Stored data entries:
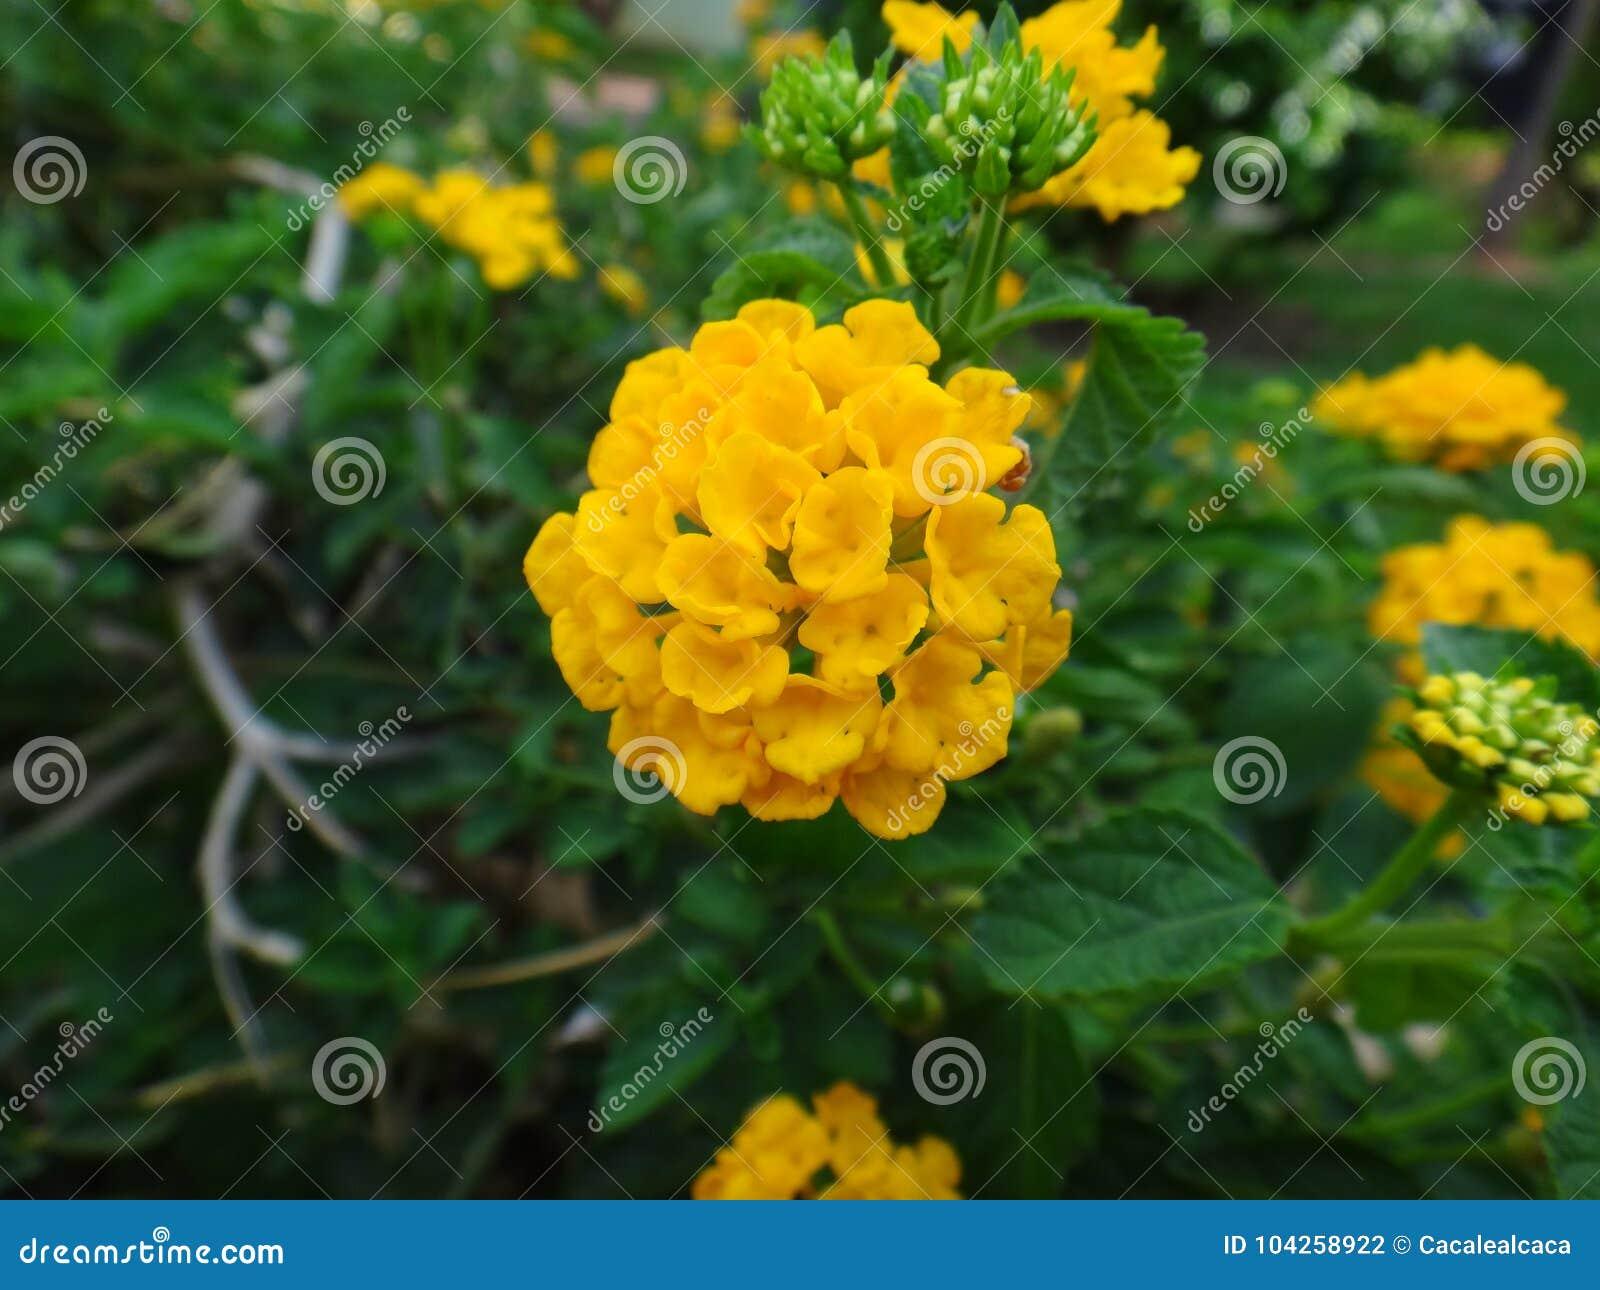 Lantana flowers yellow stock photo image of flattopped 104258922 lantana flowers yellow mightylinksfo
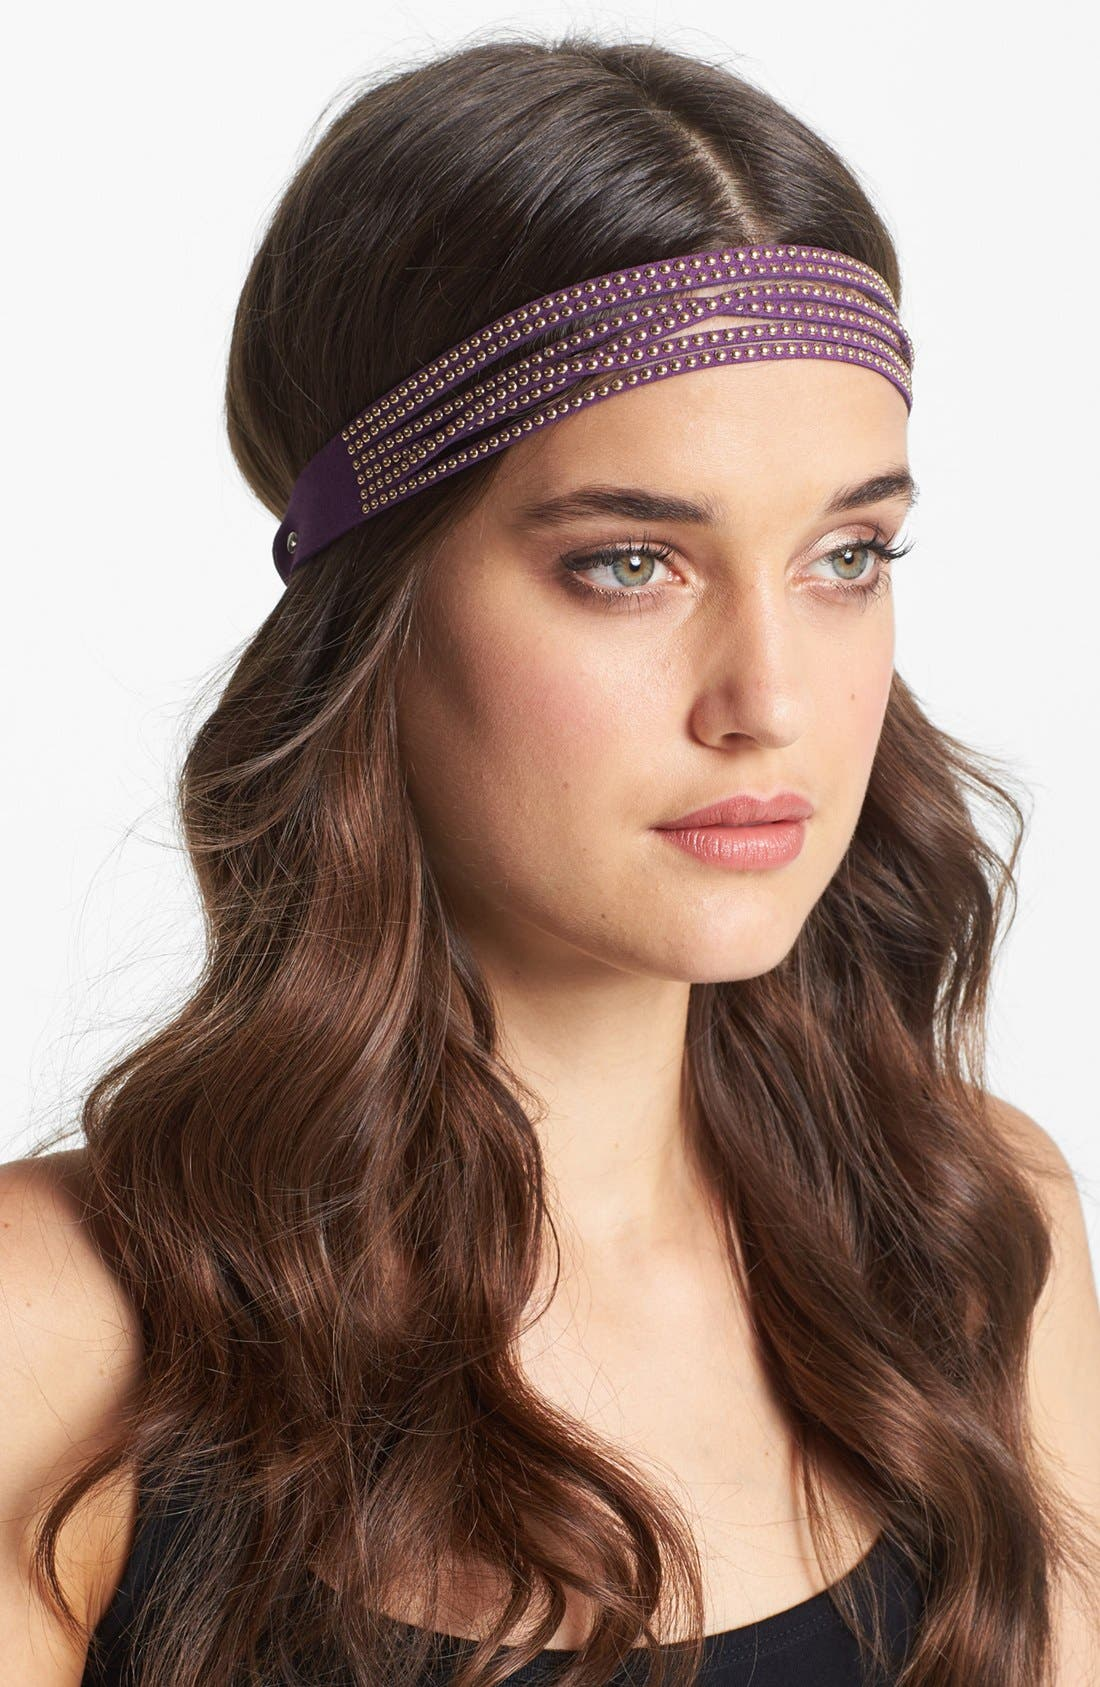 Alternate Image 1 Selected - Tasha 'Studly' Suede Head Wrap
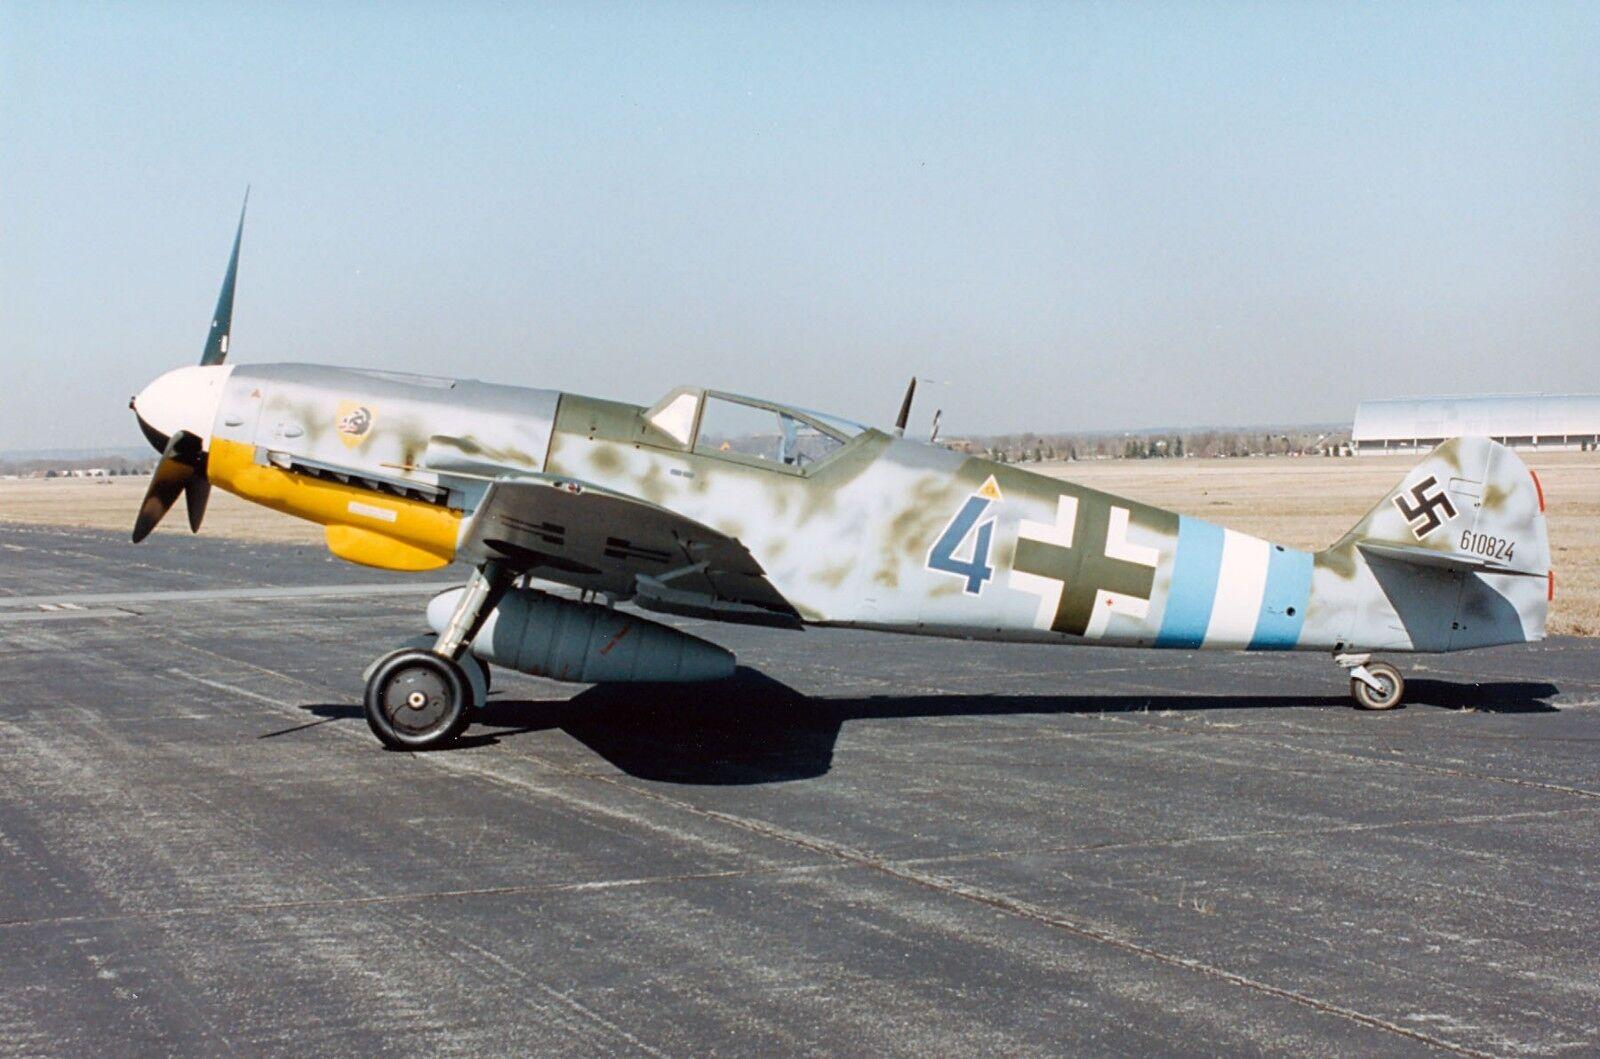 Escala 1 5 BF-109 G-10 K4 Kit de corto de corte láser con planes Impreso, 78.5  ala palmo
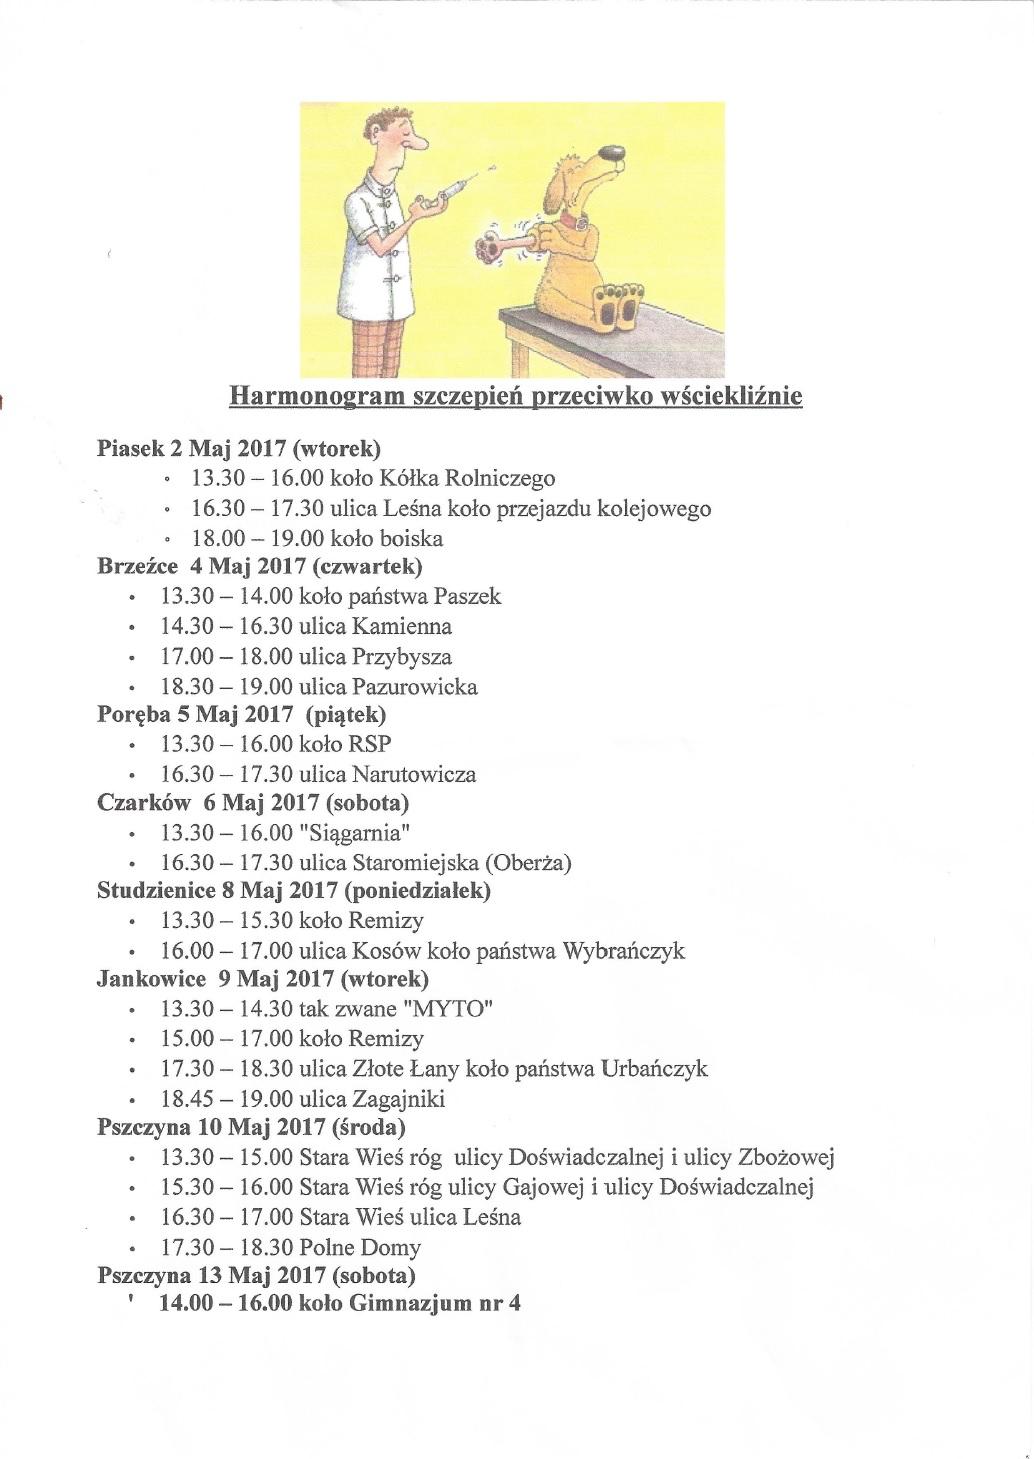 Harmonogram Szcepień
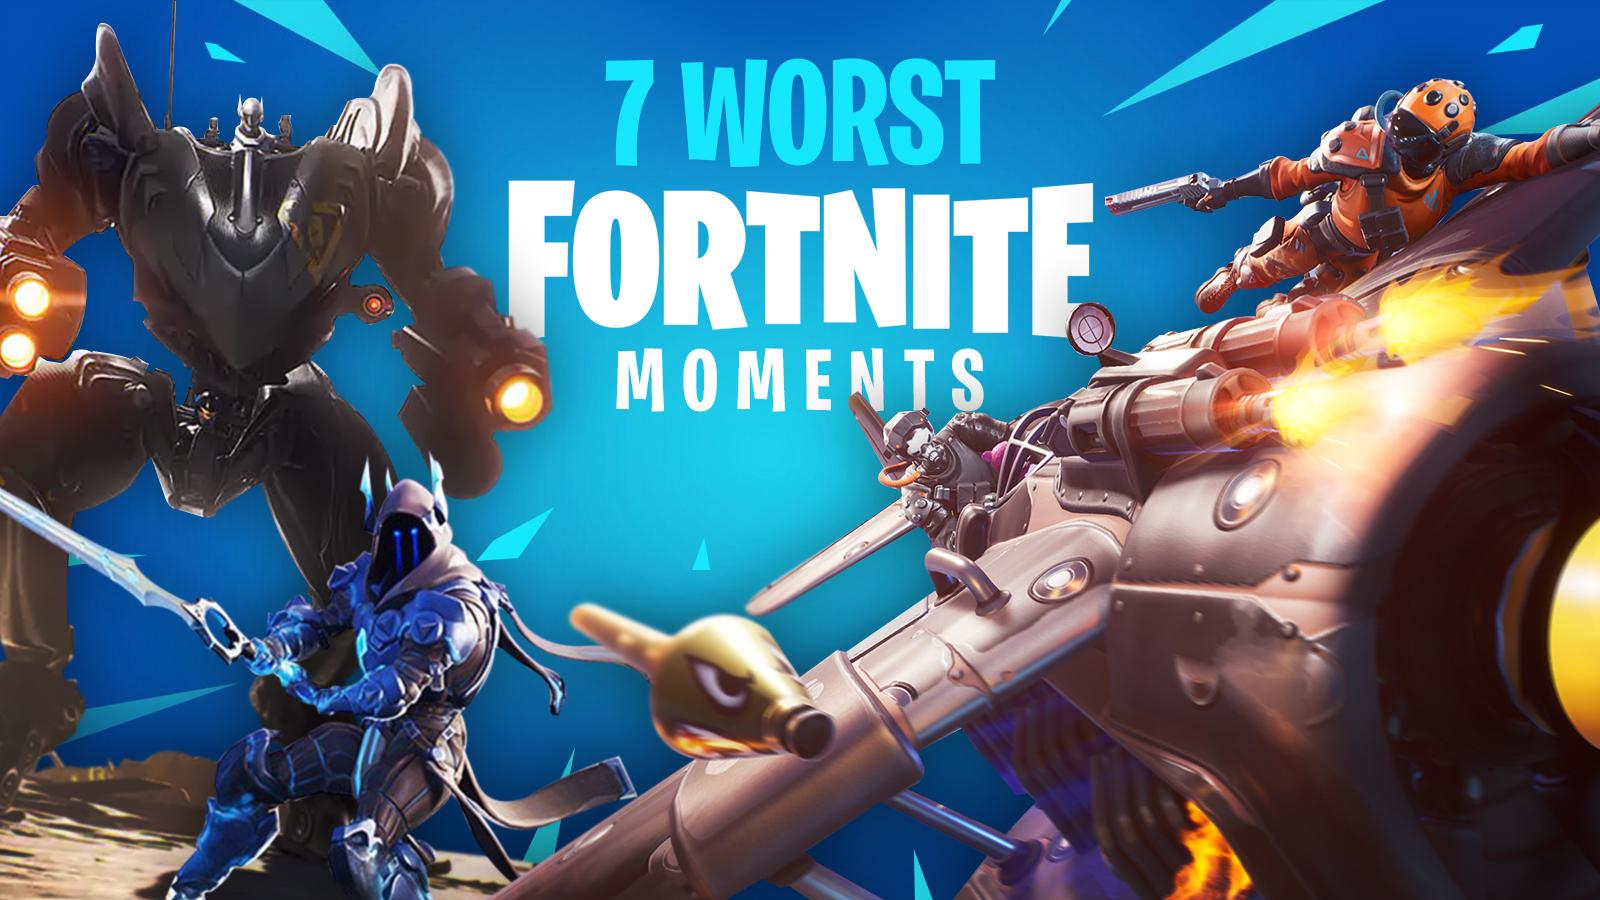 Fortnite worst moments image

Problem:
Every line from the one that contains "Harmonogram Szcepień" through the end of the records above is to be reproduced exactly; no picture goes in the copy.

Solution to the problem:
 Harmonogram Szcepień
 Fortnite worst moments image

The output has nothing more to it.